Lo “shopping alla londinese” che ha accompagnato le rivolte seguite all’assassinio di Mark Duggan di quest’estate, non è semplicemente consumismo allo stato bestiale, come sapienti quanto paternalisti sociologi e psicologi hanno voluto raccontare, né la gestualità insensata e disperata del No Future, ma la rottura estemporanea e violenta di uno schema biopolitico, che nelle città inglesi ha fatto della proprietà privata e dell’accesso al consumo una gabbia materiale e immateriale più potente di un panoptycon penitenziario. Nel leggere gli affanni a spiegare cosa succede nelle periferie inglesi sembra di sentire le parole di un’opera di Shakespeare: che epoca terribile quella in cui degli idioti governano dei ciechi. O ci provano.

Non sono i popoli a dover temere i governi, ma i governi a dover temere i propri popoli. (T. Jefferson)

L’occupazione delle piazze, che ha caratterizzato le mobilitazioni “indignate” propagatesi in mezza Europa, ma che deve tanto in termini di immaginario alla piazza Tahrir simbolo delle rivoluzioni arabe e radice della rovina dei regimi dittatoriali del nordafrica (e forse anche qualcosa al BookBlock e alla Piazza del Popolo del 14 dicembre che sfiduciava dal basso il governo Berlusconi), rappresenta nell’immaginario collettivo la riappropriazione dello spazio pubblico in termini simbolici e materiali, e l’assedio ai palazzi che l’hanno usurpato coi loro privilegi inaccettabili. Lo sapeva anche Napoleone che per gli stomaci vuoti non esistono nè obbedienza nè timore. La democrazia del tumulto ha disegnato scenari imprevedibili, e altri ancora ne tiene in serbo.

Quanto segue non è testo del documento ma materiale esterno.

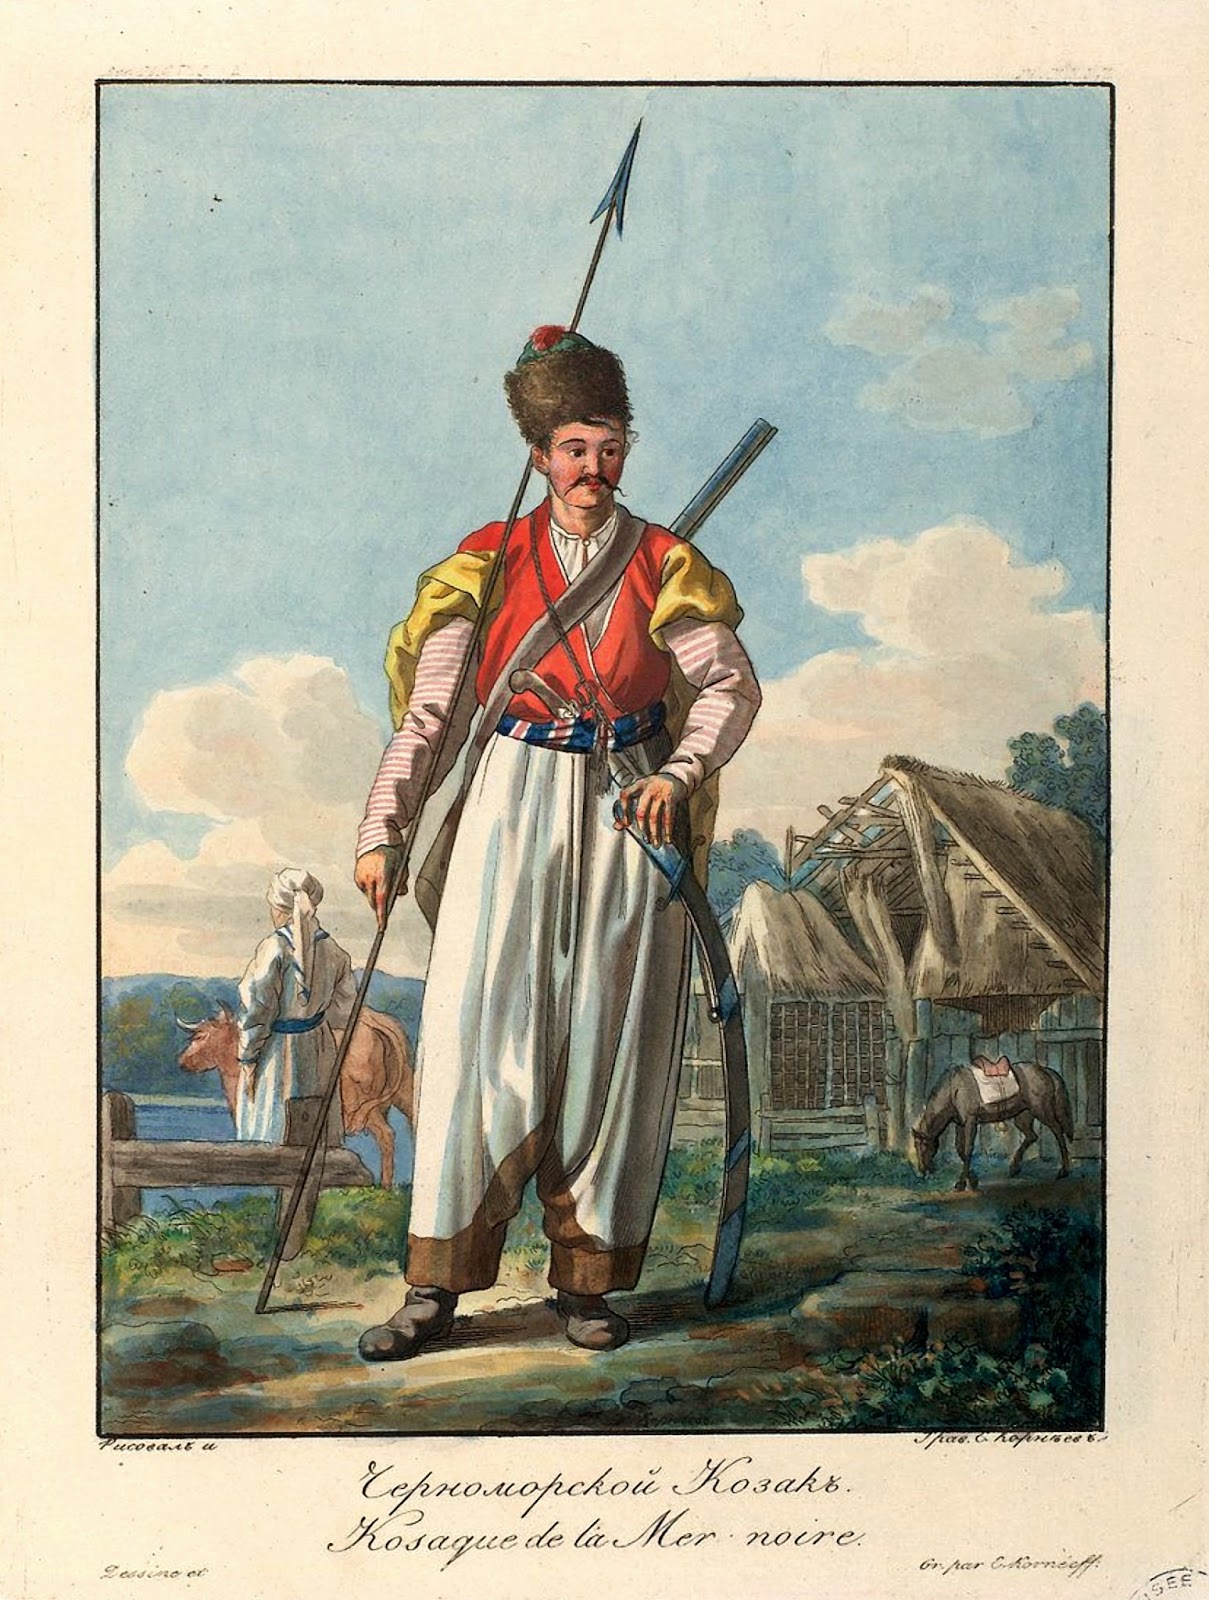 Повседневная жизнь кубанских казаков в 18 веке

Le macerie e l’orizzonte del comune

E dunque, dentro questo contesto di attacco che oltre alla ricchezza sociale non risparmia alcun sistema di diritti e tutele, che abolisce la contrattazione sociale attaccando i contratti collettivi e atomizzando le condizioni di lavoro che si uniformano sempre più a una sorta di caporalato universale, che stringe le maglie della precarietà in una vera e propria “guerra ai poveri”, è comunque in atto un processo di resistenza sociale che ha già manifestato la sua forza in mesi di mobilitazioni, che ha lasciato i suoi segni anche in termini di partecipazione a bassa soglia, come quando ha impresso il suo marchio quando nel nostro paese ha prodotto l’anomalia in termini di rappresentanza politica evocata dai movimenti arancioni protagonisti delle elezioni amministrative a Napoli e a Milano, e ancor di più nell’imponente partecipazione al voto che ha abolito legalmente la possibilità di privatizzare un bene come l’acqua, di rimettere in moto un processo di speculazione inutile e pericoloso sull’energia nucleare, di abolire il principio anche solo formale della “legge uguale per tutti”. Mobilitazioni che hanno fatto del concetto di beni comuni una bussola culturale e linguistica potente e obliqua, uno strumento legislativo, una rivendicazione politica, mettendo in discussione il fondamento sistemico stesso del funzionamento dell’economia liberale, della regolazione dei rapporti sociali, dell’utilizzo sociale di beni e servizi impropriamente incasellata negli schemi di pubblico e privato. Bussola che s’incarna potentemente in battaglie dure, lunghe e ricche di determinazione, come quella del No Tav in Valsusa. Bussola che ridisegna una grammatica della solidarietà e della cooperazione che allude a un modello sociale radicalmente alternativo.

Non è il caso né di aver paura né di sperare, bisogna cercare nuove armi. (G. Deleuze – La società del controllo)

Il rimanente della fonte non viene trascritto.